The US dollar index climbed toward 101 on Friday, poised for its third consecutive weekly gain as improving global trade sentiment and fading expectations of imminent rate cuts supported the greenback. 

The rally was fueled in part by President Donald Trump's announcement of a preliminary trade deal with the UK, the first since the US imposed sweeping tariffs last month. 

Trump also suggested that additional agreements could follow and hinted at a potential easing of tariffs on China, depending on the outcome of upcoming trade talks in Switzerland. 

On the monetary policy front, Federal Reserve Chair Jerome Powell dismissed the idea of a preemptive rate cut in response to potential economic fallout from tariffs. 

Powell also warned of elevated risks to both inflation and unemployment, signaling caution before adjusting policy further. 

The US Dollar posted its strongest gains this week against the Euro, New Zealand Dollar, and Australian Dollar.

US Consumer Inflation Expectations

US consumer inflation expectations for the year ahead were unchanged at 3.6% in April 2025, the same as in March, holding at 2023-highs. 

Year-ahead commodity price expectations increased for gas (+0.3 percentage point to 3.5%), medical care (+0.8 percentage point to 8.7%), college (+2.4 percentage points to 9.1%), rent (+1.8 percentage points to 9%) and home prices (0.3 percentage point to 3.3%). 

In contrast, year-ahead expected price of food decreased by 0.1 percentage point to 5.1%. Meanwhile, inflation expectations for the three-year horizon rose to 3.2%, the highest reading since July 2022 while inflation expectations for the five-year ahead horizon decreased by 0.2 percentage point to 2.7%. 

source: Federal Reserve Bank of New York

Monday, May 5, 2025

FOMC Rate Change Probability

The treasuries market is pricing in a 96.8% chance of no interest rate change by the FOMC this week, Wed May 7.

Sunday, May 4, 2025

US Existing Home Sales

Existing home sales are scraping at multi-decade lows, and have shown no meaningful signs of recovery.

The only other time in recent history when homebuyer demand was this low was the 2007-2012 housing crash.

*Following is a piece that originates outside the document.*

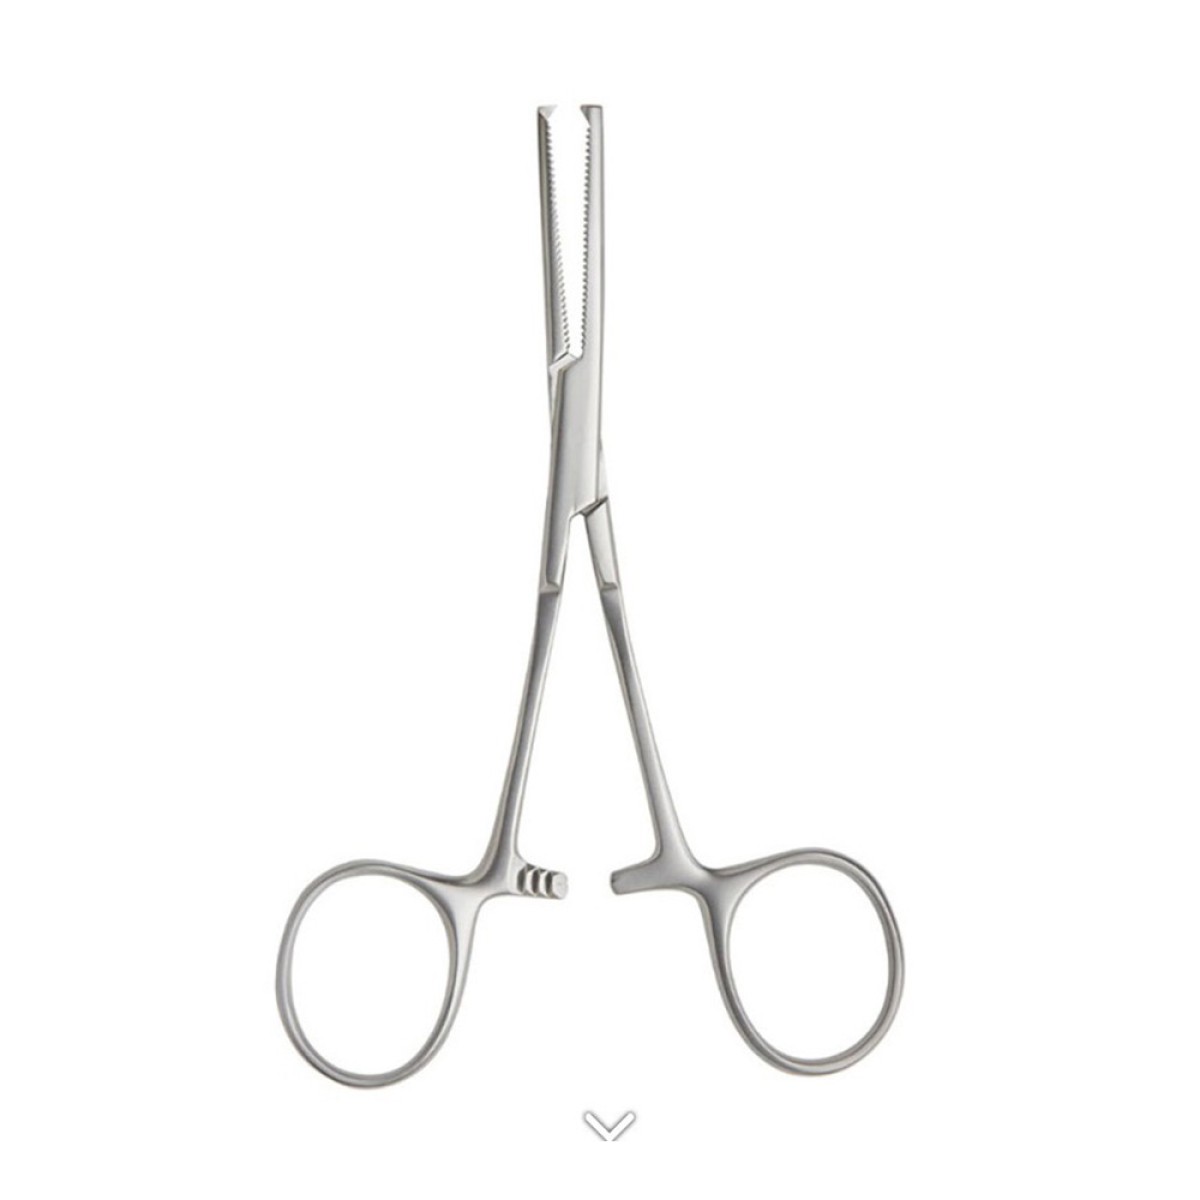 Kocher Forcep I Surgical Instruments I Surgical Instruments Manufacturer I  General Surgical Instruments I Dental Instruments

That downturn produced a 25% decline in home prices. In contrast, this downturn has yet to see national prices drop.

Saturday, May 3, 2025

US Economy Update

Non Farm Payrolls

The U.S. economy added 177,000 jobs in April 2025, a slowdown from the downwardly revised 185,000 in March, but significantly surpassing market expectations of 130,000. This figure aligns closely with the average monthly gain of 152,000 over the past 12 months, despite growing uncertainty surrounding President Donald Trump's aggressive tariff policies. Job growth was primarily seen in sectors such as health care (+51,000), transportation and warehousing (+29,000), financial activities (+14,000), and social assistance (+8,000), while federal government employment experienced a decline (-9,000). source: U.S. Bureau of Labor Statistics


Unemployment Rate

The US unemployment rate was at 4.2% in April 2025, the same as in March and in line with market expectations. The number of unemployed individuals increased by 82,000 to 7.165 million, while employment grew by 436,000 to reach 163.944 million. The labor force participation rate also edged up to 62.6% from 62.5%, and the employment-population ratio to 60% from 59.9%. Additionally, the U-6 unemployment rate, which includes those marginally attached to the labor force and those working part-time for economic reasons, decreased to 7.8% in April from 7.9% in the previous month. source: U.S. Bureau of Labor Statistics


Factory Orders

New order for US manufactured goods surged by 4.3% from the previous month to $618.8 billion in March of 2025, accelerating from the downwardly revise 0.5% increase from the previous month and loosely in line with market expectations of a 4.5% jump. It was the sharpest increase since July of last year as clients expedited orders of goods before the aggressive tariffs by the White House kicked in during April and forced factories to raise prices. Orders surged in durable goods industries (9.2% to $315.7 billion), carried by transportation equipment (27.1% to $124.6 billion), while softer increases were noted in primary metals (1.1% to $27.9 billion), fabricated metal products (0.1% to $37 billion) and machinery (0.1% to $37.8 billion). On the other hand, orders fell for computers and electronic products (-1.3% to $25.4 billion). source: U.S. Census Bureau


Friday, May 2, 2025

US Job Growth Exceeds Expectations

The U.S. economy added 177,000 jobs in April 2025, a slowdown from the downwardly revised 185,000 in March, but significantly surpassing market expectations of 130,000.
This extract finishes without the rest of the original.